Между тем в гегелевских словах, приведенных выше, была намечена тема настоящего культурного синтеза — Гегель говорил об арабской и персидской поэзии как об образце и для нашей современности: поэзия «Западно-восточного Дивана» обогащена этим образцом. Современности не дано определенное — такое-то, а не иное — содержание поэзии: все доступно ей, а свое, современное, — ее центр, средоточие. Вся мировая культура — в бытии настоящего: «В гетевской Елене (третий акт второй части „Фауста“) кристаллизуются существенные для Гёте моменты мировой литературы: греческая трагедия, немецкий миннезанг, персидская любовная поэзия, европейская пастораль, итальянско-немецкая опера, современная английская поэзия. Здесь для посвященного звучат стихи Еврипида и Горация, Генриха фон Морунгена, Хафиза, Тассо, Овидия, Вергилия и Байрона — звучат как новые, претворенные, нерасторжимо слитые с ядром трагедии»[869]. Однако что же остается тут своим? Это «свое» вступает здесь, в эпоху позднего Гёте, в пору резкой кризисности. Отпечаток такой кризисности лежит на понятии «всемирной литературы», которое поздний Гёте выдвинул и которому был привержен: Гёте, явно заходя вперед и в то же время проявляя культурно-историческую прозорливость, начал в те годы рассматривать мир как культурно-политическое единство — по крайней мере как единство в канун своего реального осуществления. Отсюда идея культурного обмена как жизненной необходимости — он обеспечивает, как надеялся Гёте, наступление эры «всеобще-человеческого» и «всеобщего мира»; «как курьерской почтой и пароходами, так нации все теснее сближаются между собой ежедневными, еженедельными, ежемесячными изданиями, — писал Гёте Томасу Карлайлю 8 августа 1828 г., — и, насколько то будет позволено мне, я всегда буду обращать особое внимание на этот взаимообмен» (ВА 18, 882).
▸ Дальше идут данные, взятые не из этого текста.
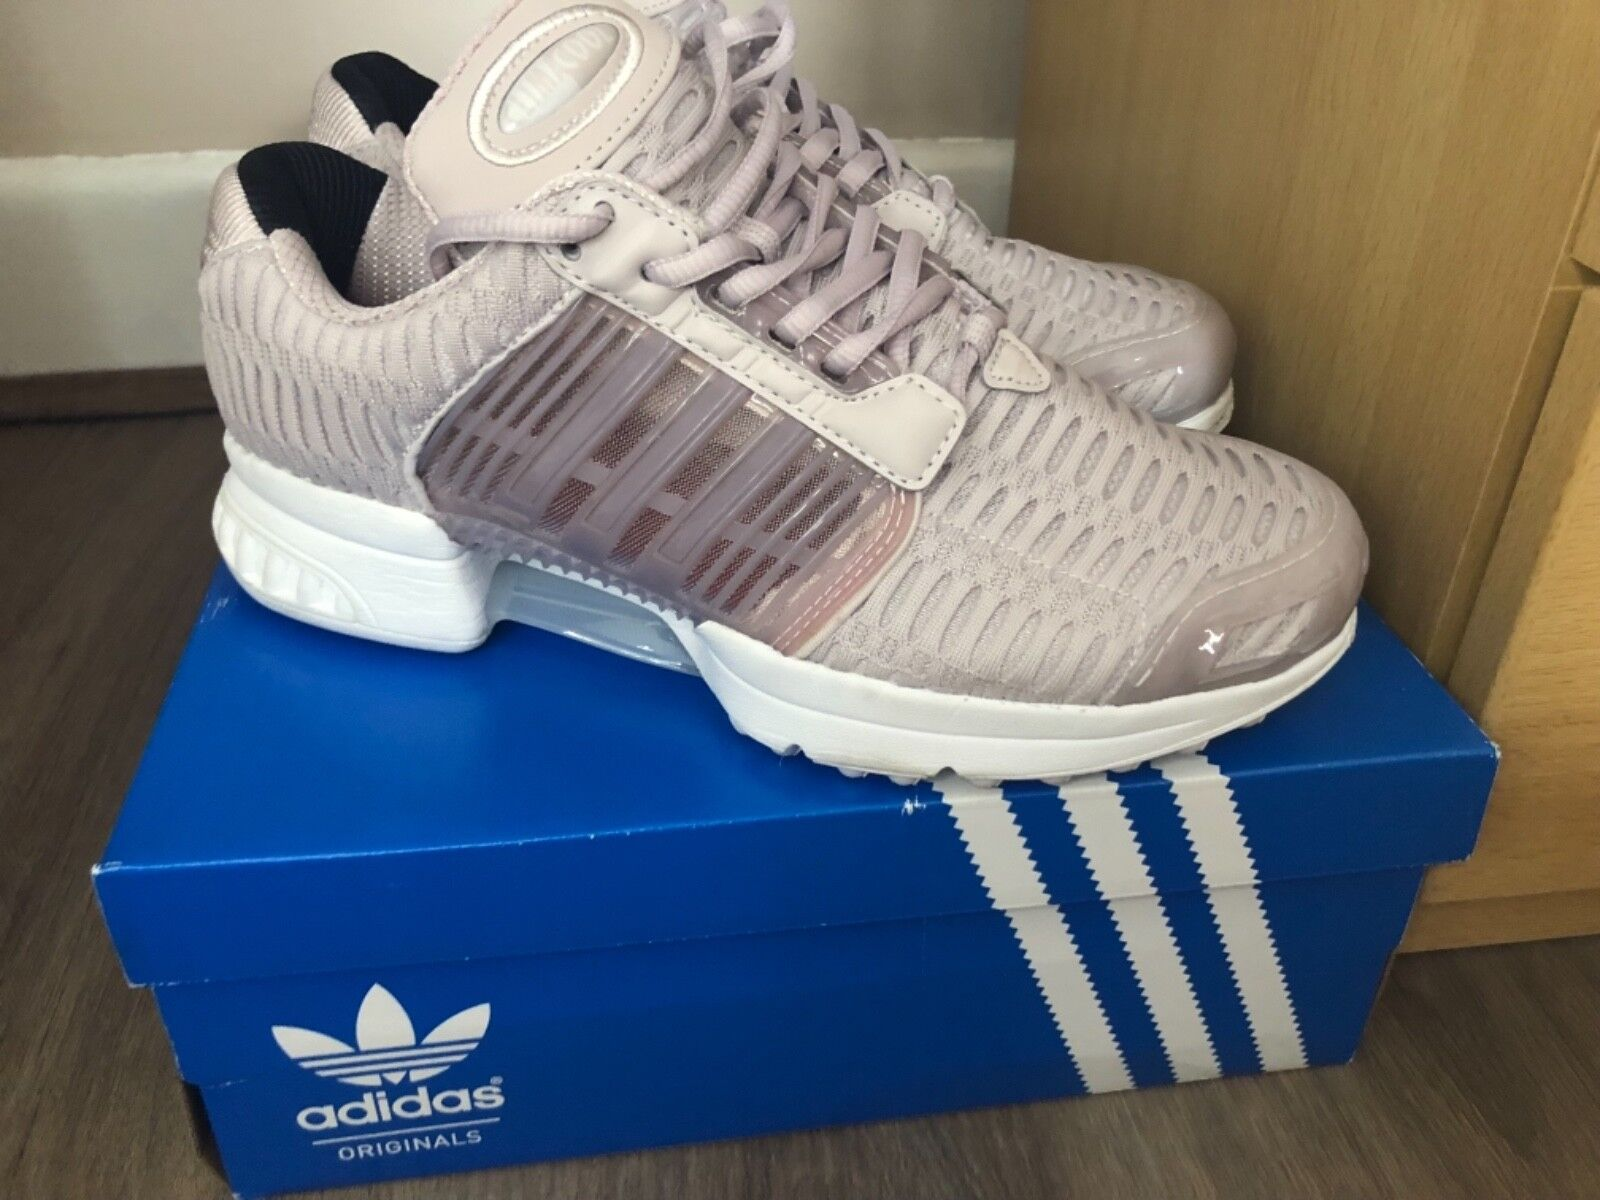 Adidas Climacool purplec trainers UK size 6.5

Кризисность гетевского понятия «всемирной литературы» сказывается, в частности, в том, что специфические особенности каждой национальной литературы и культуры выступают условием обмена и в то же время препятствием к достижению полного единства: «Особенности каждой нации нужно знать — чтобы оставить их ей, чтобы именно благодаря им сообщаться с ней, потому что специфические черты всякой нации — все равно что язык ее, что монета ее; они облегчают общение, они вполне его обеспечивают. Подлинно всеобщая терпимость наилучшим образом достигается тогда, когда оставляешь в покое все особенное, что присуще отдельным людям и народностям, крепко придерживаясь того, однако, убеждения, что подлинно ценное отмечено одним — оно принадлежит всему человечеству» (ВА 18, 396). Нет сомнения, что за такими суждениями Гёте, которые он всякий раз высказывает с чрезмерной лаконичностью и как бы не до конца, стоит радикализм мировоззрения (что в общем не принято связывать с образом позднего Гёте) — радикализм мировоззрения не столько эстетико-художественного, сколько общественно-политического: интернациональность как социальная идея всемирно-исторического масштаба. Культурная специфика нации есть для Гёте то ценное, что одновременно должно быть преодолено и в конечном итоге нивелировано: «…то, что я именую всемирной литературой, возникнет по преимуществу тогда, когда отличительные признаки одной нации будут выровнены (ausgeglichen) через посредство ознакомления с другими <нациями> и суждения о них» (письмо Сульпицу Буассере от 12 октября 1827 г. — ВА 18, 882).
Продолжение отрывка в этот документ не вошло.